She jumped, but moved to comply, her steps small and faltering. As she made her way to the bar, her navy blue sailor pants, and blue and white striped, long-sleeve shirt were as out of place as her expertly styled, cream soda brown hair. Her white scarpin shoes hit the wooden floor with tentative thunks, and when she finally made it to the surprisingly clean bar top, a soft voice greeted her.
“What’ll ya have, doll?” a man asked, emerging from the murky shadows at the far end of the bar.
His hair was a soft black, with piercing, summer sky blue eyes. A perpetual smile quirked the corner of his mouth, and when he finally flashed a friendly smile, it was worthy of an orthodontia commercial.
Clutching her handmade bag in front of her, she slid onto a bar stool, flinching inwardly at what might be on the seat, but thankful she wore dark pants. While the bartender was a sight, her breath caught at what was mounted on the wall behind him: a gold vein antique mirror. It was large, and set in an ornate, gilded frame. Like her, it didn’t belong in such a seedy bar, but it was also like her in that it was broken. A spiderweb of cracks radiated from the center, throwing back a broken image; just like her heart.
“I heard…” she started, not wanting to sound foolish, and unsure of what exactly she was asking.
“Yes?” he prompted her.
“I heard you could help me with a broken heart,” she said, quick and under her breath. It was one of those things you hear about through the grapevine: a friend of a friend knew a second cousin twice removed whose best friend had come here for help. Or something like that. It was a rumor, not taken seriously except by those who believed in superstitions, or were dull of mind. It was probably just a place where druggies discovered trendy new narcotics. She wasn’t the drug-using type, but anything to dull the pain was welcome at this point; alcohol did nothing for her anymore.
His smile sharpened and turned hungry, like a predator spotting prey. “Is that so?”
“Y-yes,” she stuttered, her usual self-assured demeanor splintering.

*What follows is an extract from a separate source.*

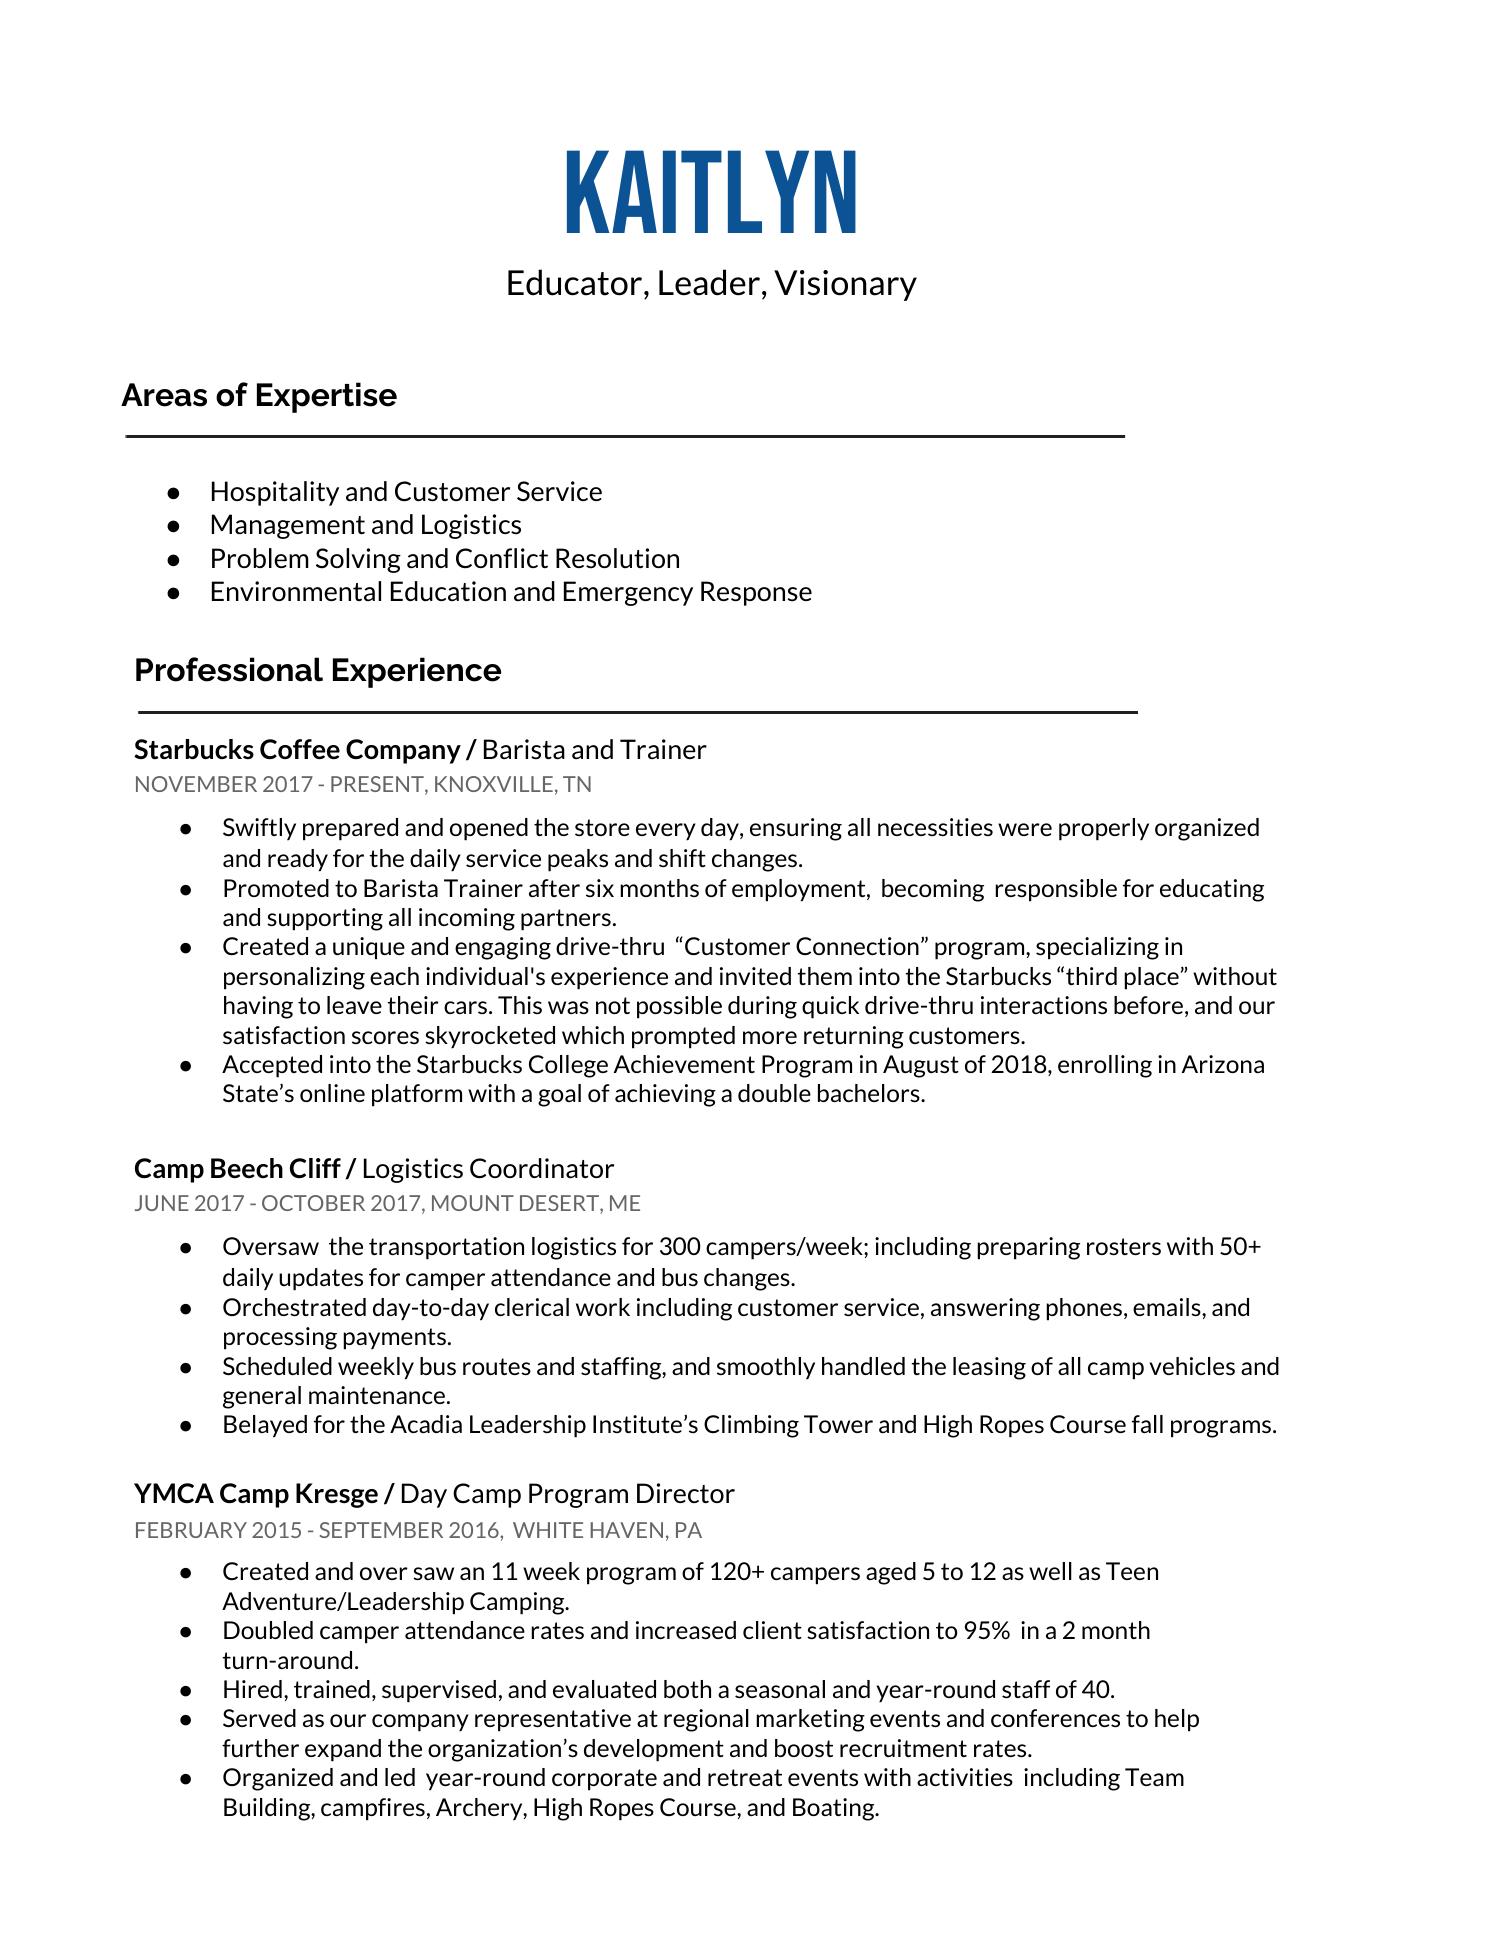 2020 Resume (2).pdf

“There is a price, of course.”
“I have money,” she said, moving to open her handmade purse.
“We don’t deal in money here, doll,” he said. “We exchange something a little more…eternal.”

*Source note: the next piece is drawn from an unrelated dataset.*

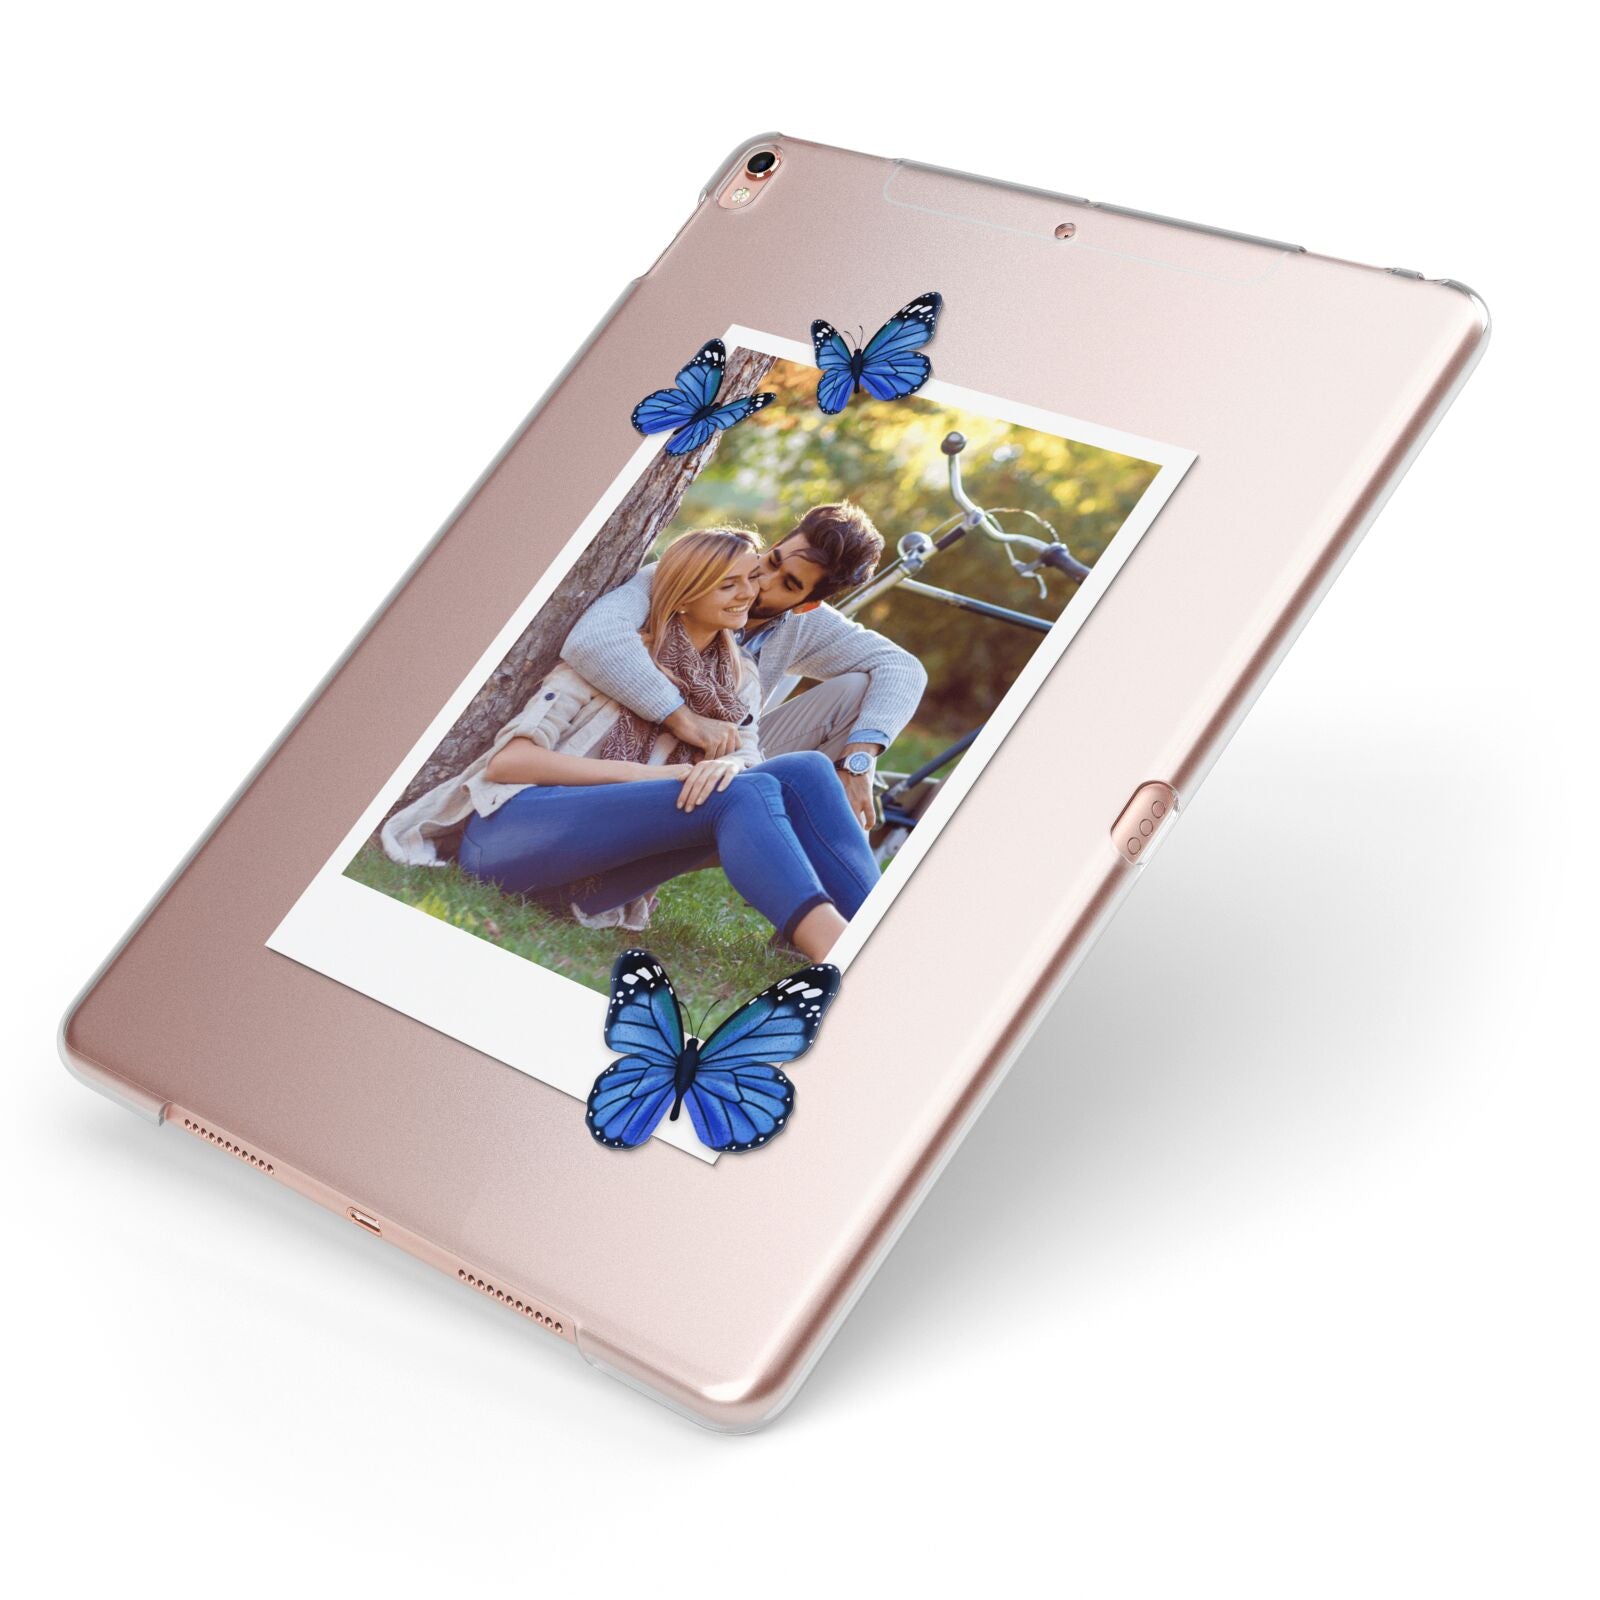 Polaroid Photo Apple iPad Case on Rose Gold iPad Side View

She swallowed. All her instincts screamed at her to leave–to turn, run, and never look back. But her heart, shattered to more pieces than there were grains of sand, bade her stay. She couldn’t live with the pain any longer.
The man nodded, still grinning, and put a hand under the bar. In the distance, a faint buzzing sounded for a moment. Not long after, a girl clattered down a narrow staircase, coming from the upstairs above the bar. She was disheveled, and her movements sluggish, as though she were about to melt languidly to the floor. When she lifted her head, her eyes were nothing but pupil peeking between strands of greasy, ginger spice hair.
“Come here, love,” the man crooned, crooking a finger at the girl.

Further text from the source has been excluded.